Unless you’re brand new to the game, you are probably already aware that Minecraft is going to involve some mining (and probably even a new player will get that impression) As such it should be no surprise that the number of mining methods and systems is incredibly vast and some can become quite complex. Still it’s worth exploring some of the more common methods.
The answer to that is quite simple; when you first start the game, it’s the only way to get the resources you need to do pretty much anything. Now once you’re more advanced you can set up generators for cobblestone, you can make charcoal (which is essentially coal) from wood and you can set up farms for food and even things like iron, redstone, and glowstone, however when you’re just starting, such resources are somewhat more difficult to make in these ways (as most of these things require a good deal of resources to get set up) and so mining is going to be the best way to get you the things that you need.
How to Mine
How you choose to do your mining will largely depend upon who you are and what resources you’re looking for. I personally use a multi-mining method that combines two techniques called tunneling and pin-wheeling respectively, but you could use whatever method works best for you. Because there are so many different methods of mining I can’t possibly cover them all (at least not in a reasonable amount of time) and so I’ll go over a few common types and how to get started with them.
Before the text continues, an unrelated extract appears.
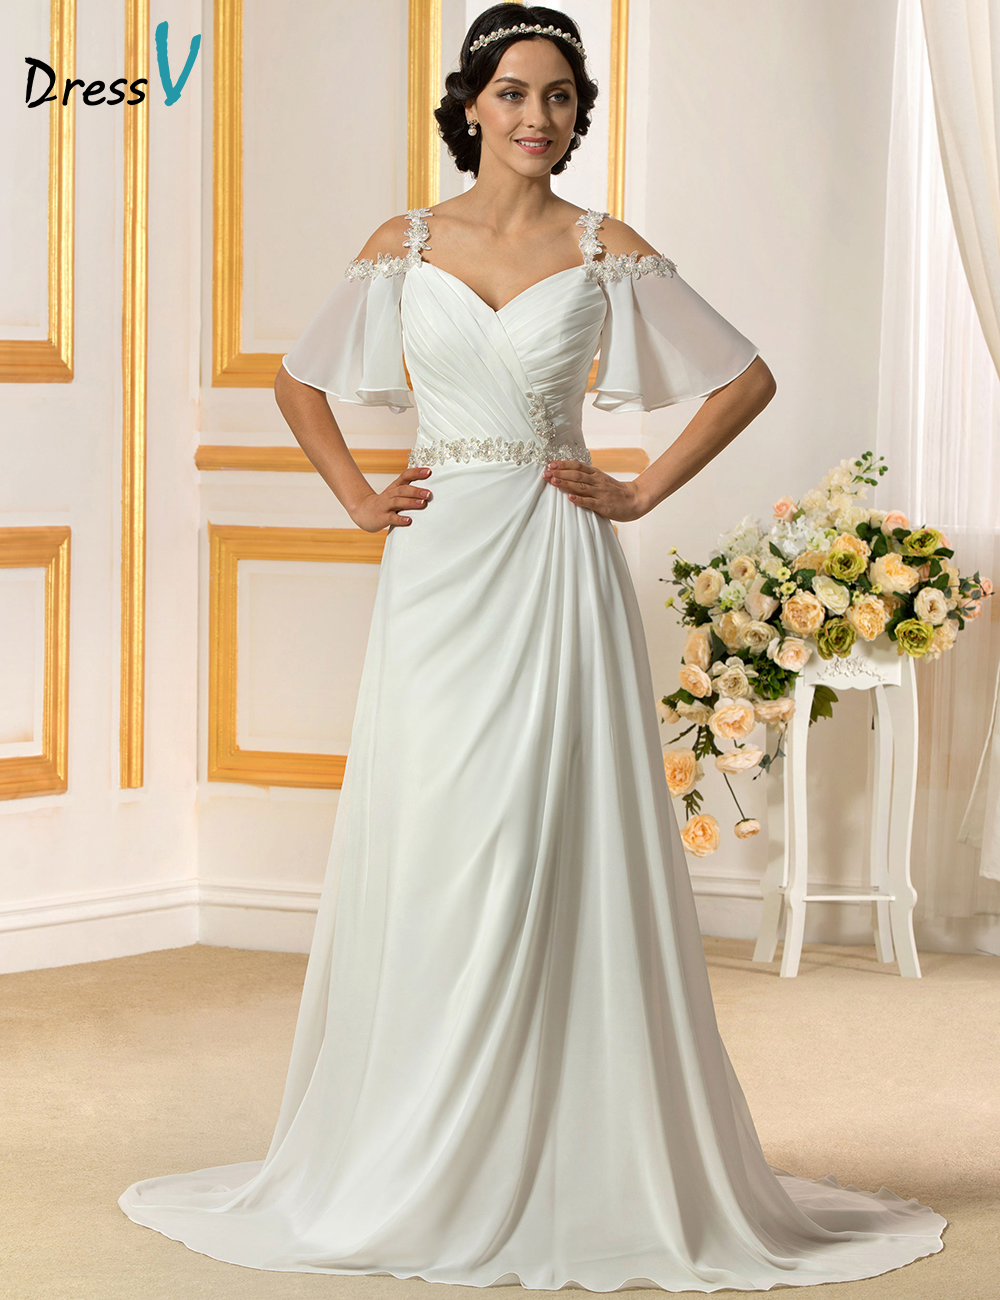 Buy romantic wedding dress 2016 white for Backless wedding dresses for sale

Staircase – This is a simple easy method that involves digging a staircase down through the ground until you get to the layer that you’re wanting to mine at (layer 11 is considered the richest in everything and is right at the lava layer so lava usually won’t be encountered above you). This method allows you a way up and down that costs you no resources and allows you to safely gather the materials you are digging through. Once you’re at the bottom (or as far down as you want to go) you can use another method to keep you on that layer simply using the staircase as an access, or you can go back up and dig another staircase. These can even be layered for maximum coverage.
Vertical Mining – As you may have gathered from the name this involves digging straight down, however it’s best to do this by digging at least a 1x2 hole rather than a 1x1 hole. In Minecraft you should never, ever dig straight down. The likelihood of the block below you opening up into a large cavern or a pool of lava is very high potentially causing fatal damage to your character and loss of valuable equipment. Basically you want to dig down to the layer you’re trying to get to or even all the way to bedrock if you want collecting any resources you find along the way. Be sure to take plenty of ladders or vines with you to place on the blocks so that you can get back up. Once you’ve reached the layer you want to mine on you can choose your favorite horizontal mining method or just dig another hole nearby.
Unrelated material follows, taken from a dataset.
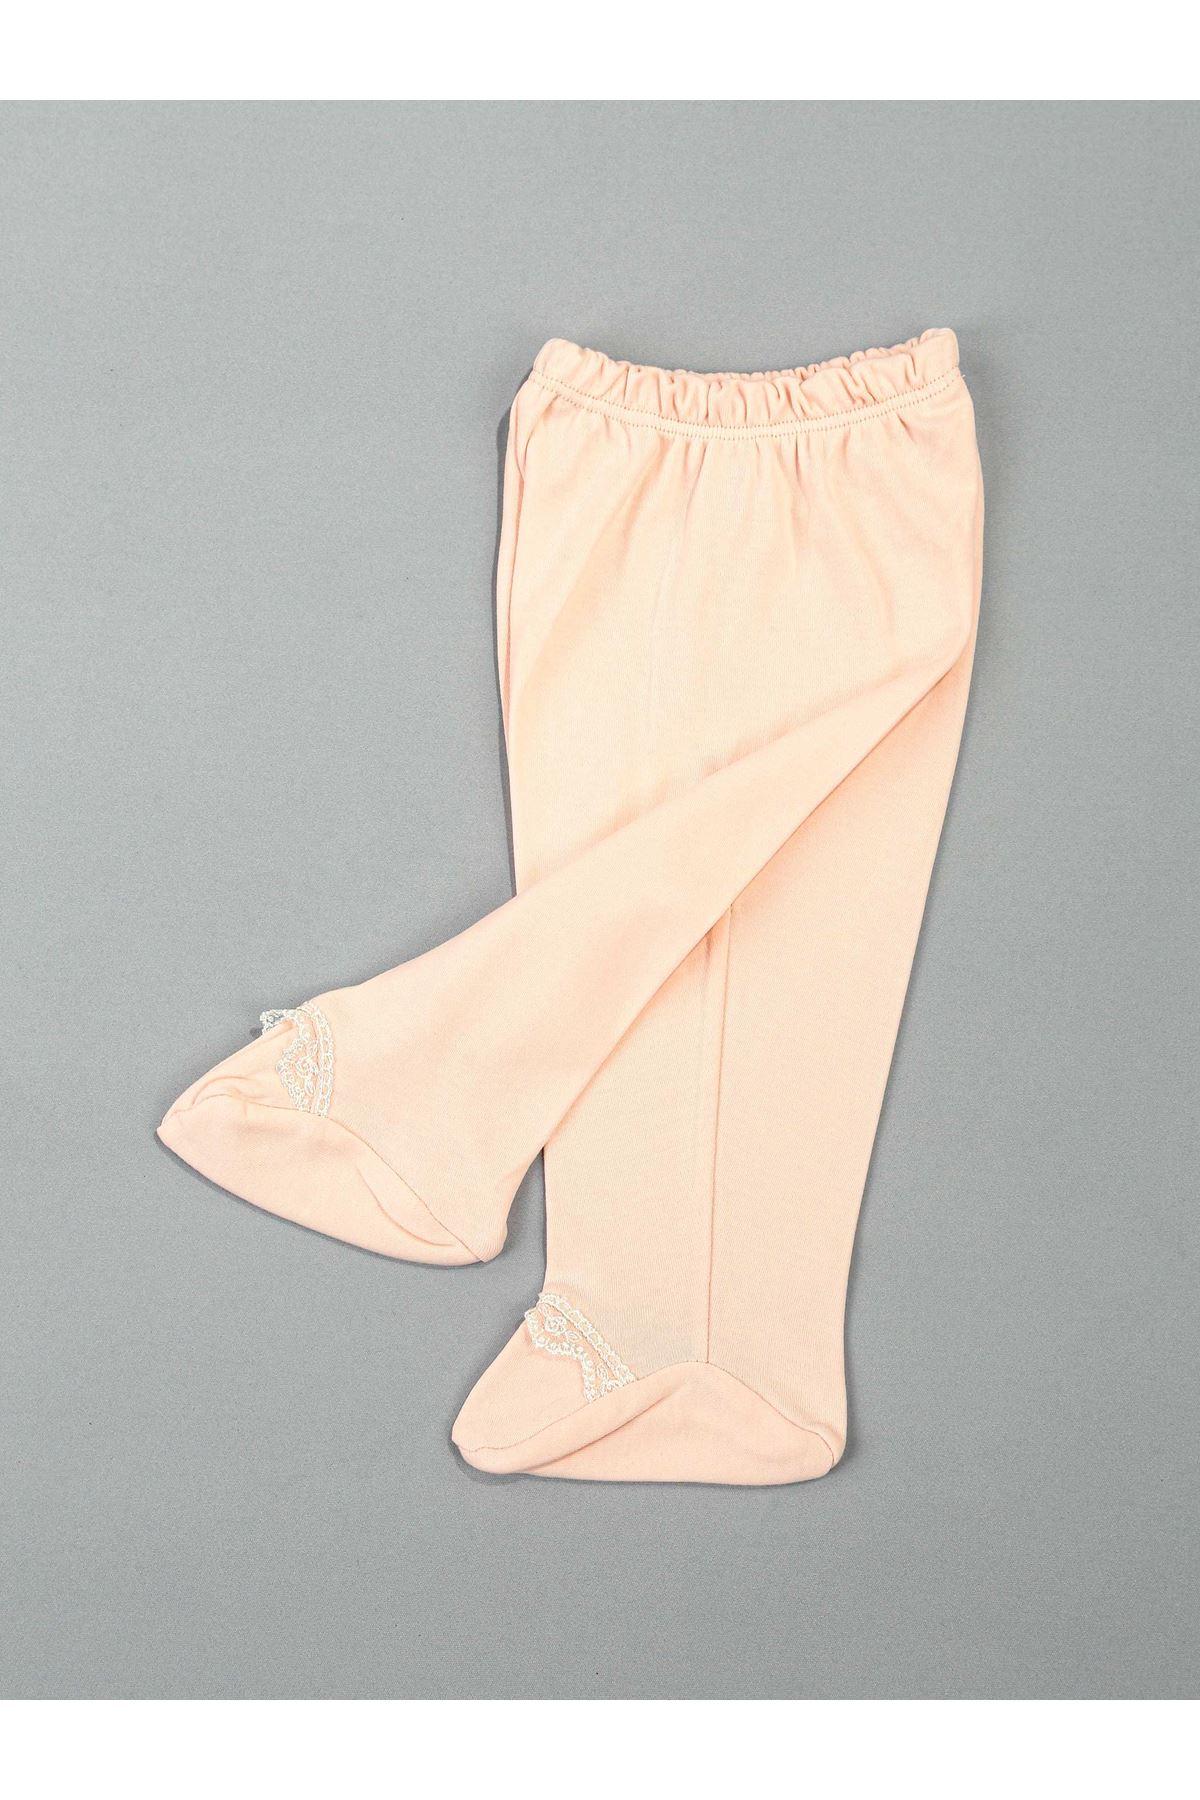 Powder Baby Girl Newborn 10 Piece Suit Hospital Wear Cotton Casual Girls Babies Sets Seasonal Models

Tunneling – Once you’re at the layer you wish to mine at, you start digging tunnels and just keep going straight for as far as you can. This is a highly efficient mining method as every two blocks you dig out reveals 4 blocks that you’ve never seen before. This does however often result in really long tunnels making for a long walk back and assuming you don’t want to encounter mobs on the way back, it’ll end up using several torches as well. The tunnels don’t have to be only one block wide and in fact can be as many blocks wide as you’d like. I personally do four three block wide tunnels leading out from my shaft in all four directions and typically go out 384 blocks (two stacks of torches placing them on the left wall every 3 squares [to compensate for having none on the right side of the wall]).
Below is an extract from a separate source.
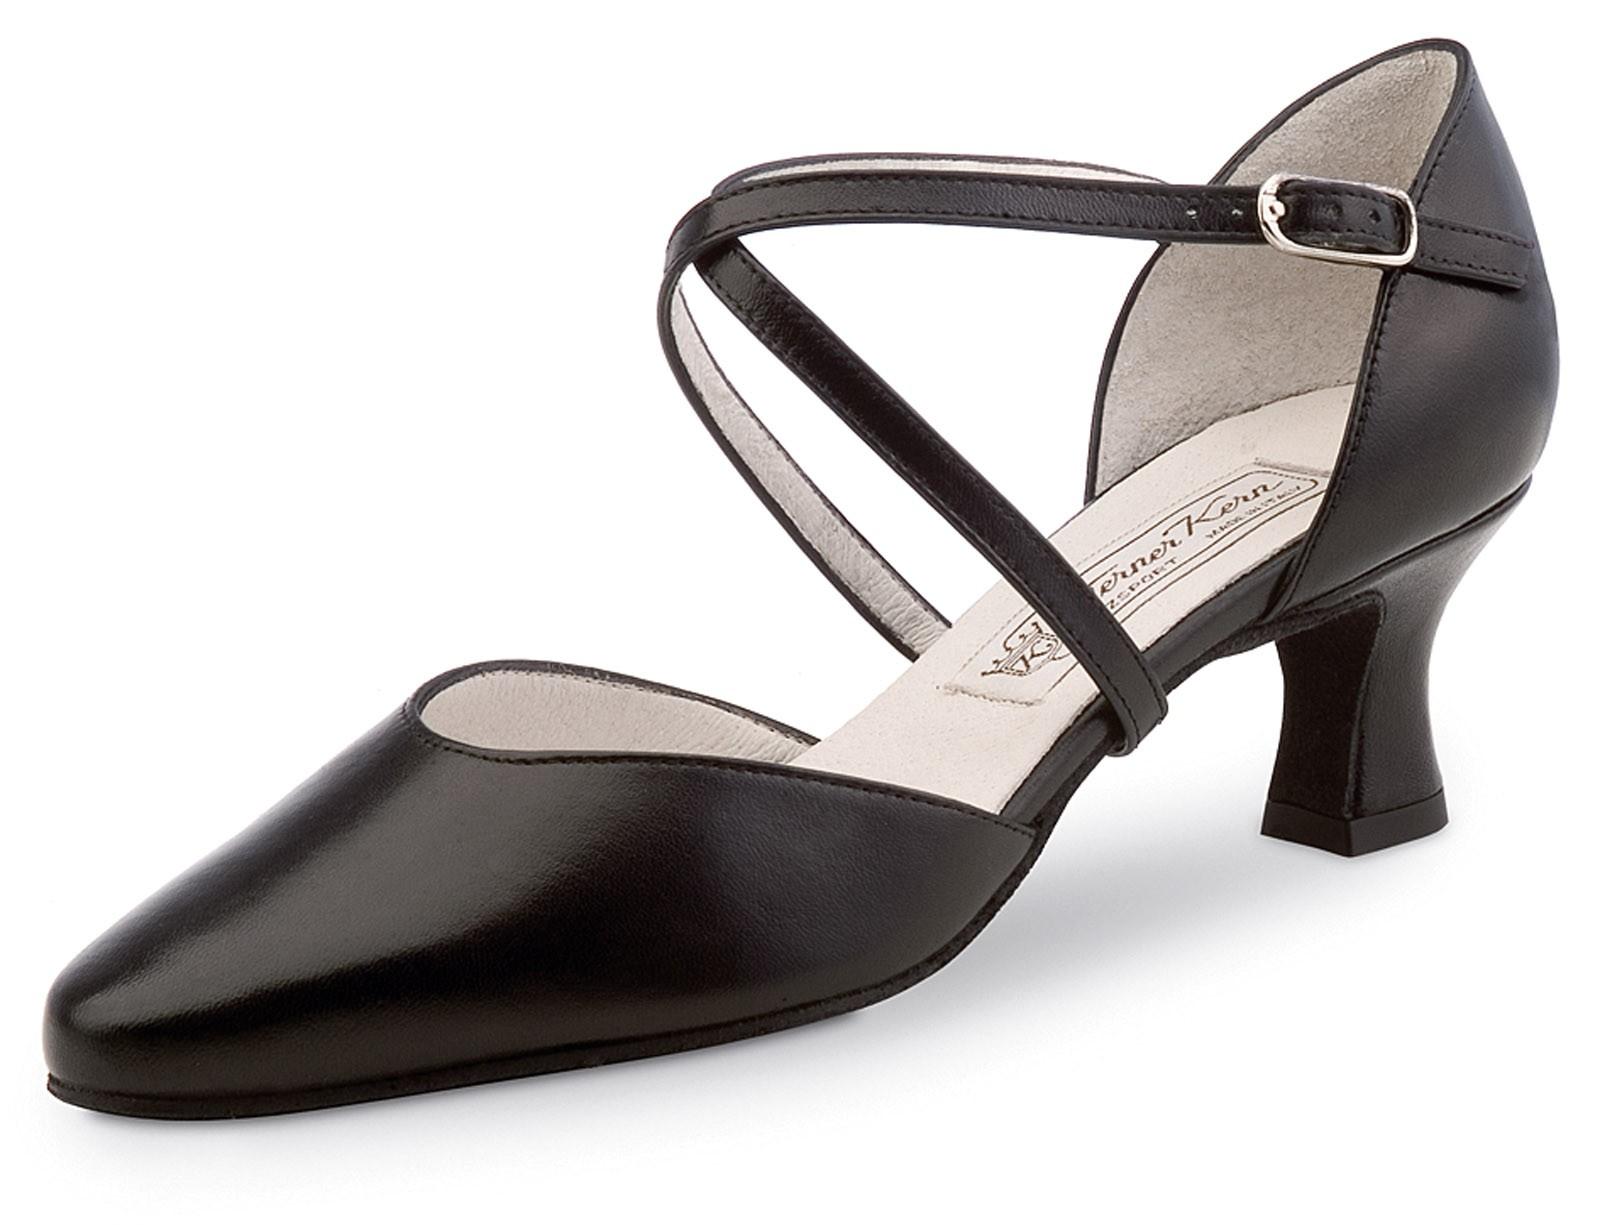 Werner Kern Femmes Chaussures de Danse Patty - Cuir Noir - 5,5 cm [UK 6]

Pin-Wheeling – This method builds off of four main tunnels and digs a series of side tunnels all going in the same direction. For example my main tunnel is three wide (to allow for a minecart system) has torches every three blocks on the left and has a side tunnel every three blocks on the right. This means there’s a space of two blocks between each of these side tunnels which is extremely thorough (meaning I’ll get all the ore in a chunk), but not as efficient (meaning I dig through more stone/dirt/gravel) as it would be using a wider spacing (3-6 squares between). If viewed from above this would create a “pinwheel” pattern hence the name.
Quarrying – This method is very much like the real life method and involves digging a large pit layer by layer to recover the resources leaving blocks along the side to form a staircase so you can get up and down. Such a project will typically yield many resources including a lot of cobblestone and dirt and could take a few days of 24/7 digging to complete. This however isn’t necessarily a bad thing as the quarry doesn’t necessarily loose its usefulness once it’s completely dug out. It can be used afterward to make underground or underwater bases, provide access to uncovered caverns and resources, or even serve as the foundation point for large projects like a huge skyscraper which can be made much taller if you’re building from bedrock up to sky-level. Often times because of their enormous size compared to other mining methods, a quarry will run into lava pools or caverns which doesn’t necessarily stop your progress, but it can often times delay it. This is a great method for getting lots of cheap materials while also picking up many more valuable ones.
While it may seem like a lot of work, mining is definitely a rewarding endeavor in Minecraft. If you’re low on resources, need a flat location to build a major project, or just like the challenge of designing highly thorough and efficient mining systems, definitely try your hand at mining in your N3rd C0rn3r.